We recommend creating JavaScript-specific classes to bind to, prefixed with .js-:

Sass

Syntax

  • Use the .scss syntax, never the original .sass syntax
  • Order your @extend, regular CSS and @include declarations logically (see below)

Ordering of property declarations

  1. @extend declarations

    Just as in other OOP languages, it's helpful to know right away that this “class” inherits from another.

    .btn-green {
      @extend %btn;
      // ...
    }
  2. Property declarations

    Now list all standard property declarations, anything that isn't an @extend, @include, or a nested selector.

    .btn-green {
      @extend %btn;
      background: green;
      font-weight: bold;
      // ...
    }
  3. @include declarations

    Grouping @includes at the end makes it easier to read the entire selector, and it also visually separates them from @extends.

    .btn-green {
      @extend %btn;
      background: green;
      font-weight: bold;
      @include transition(background 0.5s ease);
      // ...
    }
  4. Nested selectors

    Nested selectors, if necessary, go last, and nothing goes after them. Add whitespace between your rule declarations and nested selectors, as well as between adjacent nested selectors. Apply the same guidelines as above to your nested selectors.

    .btn {
      @extend %btn;
      background: green;
      font-weight: bold;
      @include transition(background 0.5s ease);
    
      .icon {
        margin-right: 10px;
      }
    }

Mixins

Mixins, defined via @mixin and called with @include, should be used sparingly and only when function arguments are necessary. A mixin without function arguments (i.e. @mixin hide { display: none; }) is better accomplished using a placeholder selector (see below) in order to prevent code duplication.

Placeholders

Placeholders in Sass, defined via %selector and used with @extend, are a way of defining rule declarations that aren't automatically output in your compiled stylesheet. Instead, other selectors “inherit” from the placeholder, and the relevant selectors are copied to the point in the stylesheet where the placeholder is defined. This is best illustrated with the example below.

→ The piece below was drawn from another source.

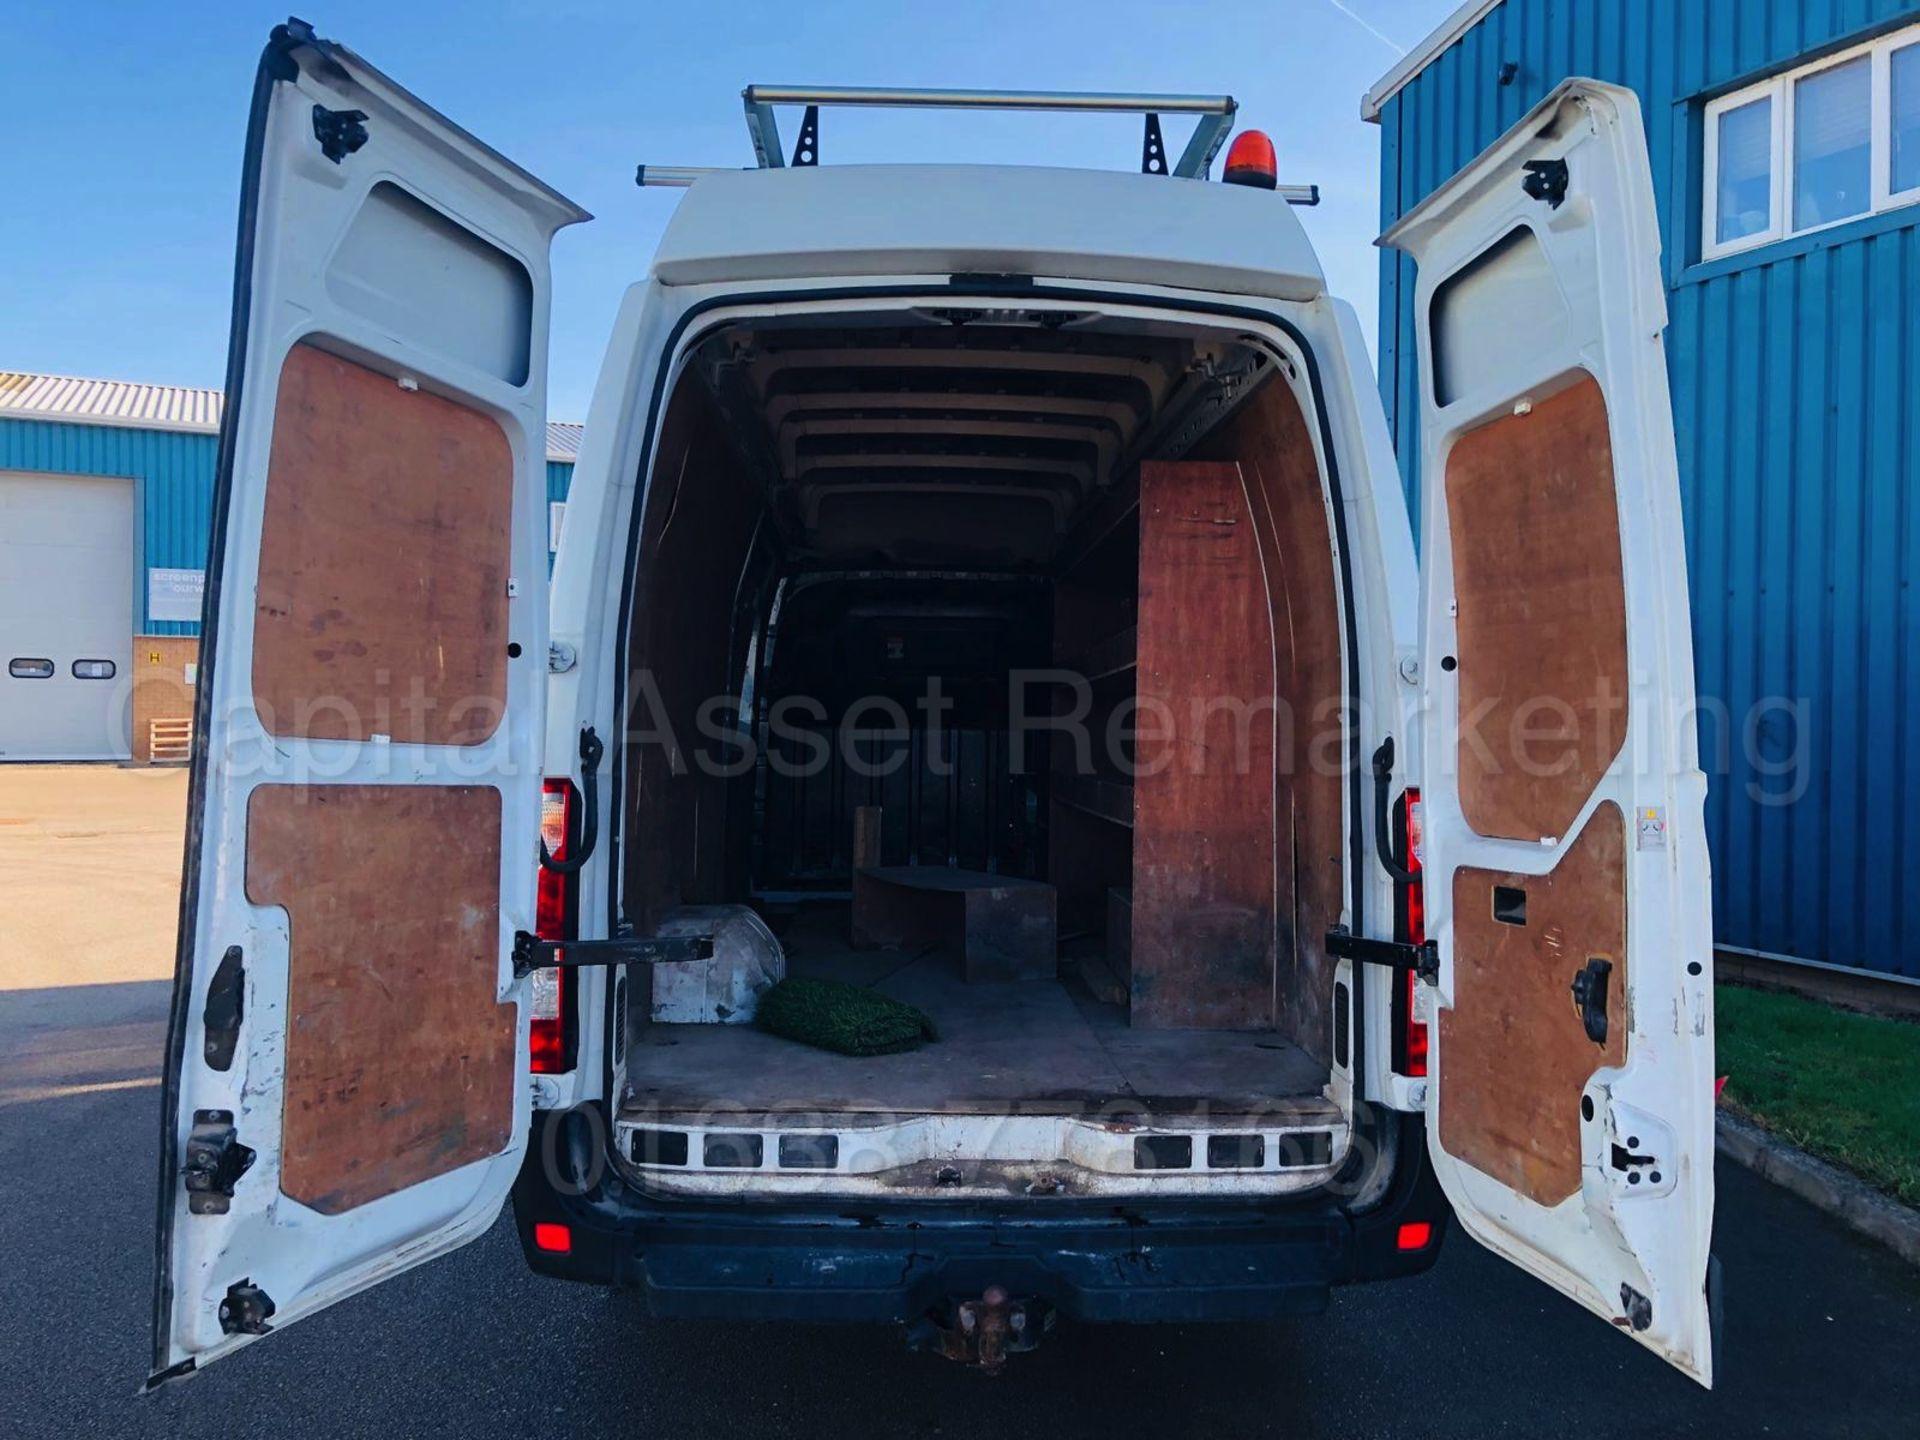 Lot 19 - VAUXHALL MOVANO R3500 DRW *L4 - EXTRA LONG WHEEL BASE* (2016 MODEL) '2.3 CDTI - 125 BHP - 6 SPEED'

Placeholders are powerful but easy to abuse, especially when combined with nested selectors. As a rule of thumb, avoid creating placeholders with nested rule declarations, or calling @extend inside nested selectors. Placeholders are great for simple inheritance, but can easily result in the accidental creation of additional selectors without paying close attention to how and where they are used.

Sass

// Unless we call `@extend %icon` these properties won't be compiled!
%icon {
  font-family: "Airglyphs";
}

.icon-error {
  @extend %icon;
  color: red;
}

.icon-success {
  @extend %icon;
  color: green;
}

CSS

.icon-error,
.icon-success {
  font-family: "Airglyphs";
}

.icon-error {
  color: red;
}

.icon-success {
  color: green;
}

Nested selectors

Do not nest selectors more than three levels deep!

.page-container {
  .content {
    .profile {
      // STOP!
    }
  }
}

When selectors become this long, you're likely writing CSS that is:

  • Strongly coupled to the HTML (fragile) —OR—
  • Overly specific (powerful) —OR—
  • Not reusable

Again: never nest ID selectors!

If you must use an ID selector in the first place (and you should really try not to), they should never be nested. If you find yourself doing this, you need to revisit your markup, or figure out why such strong specificity is needed. If you are writing well formed HTML and CSS, you should never need to do this.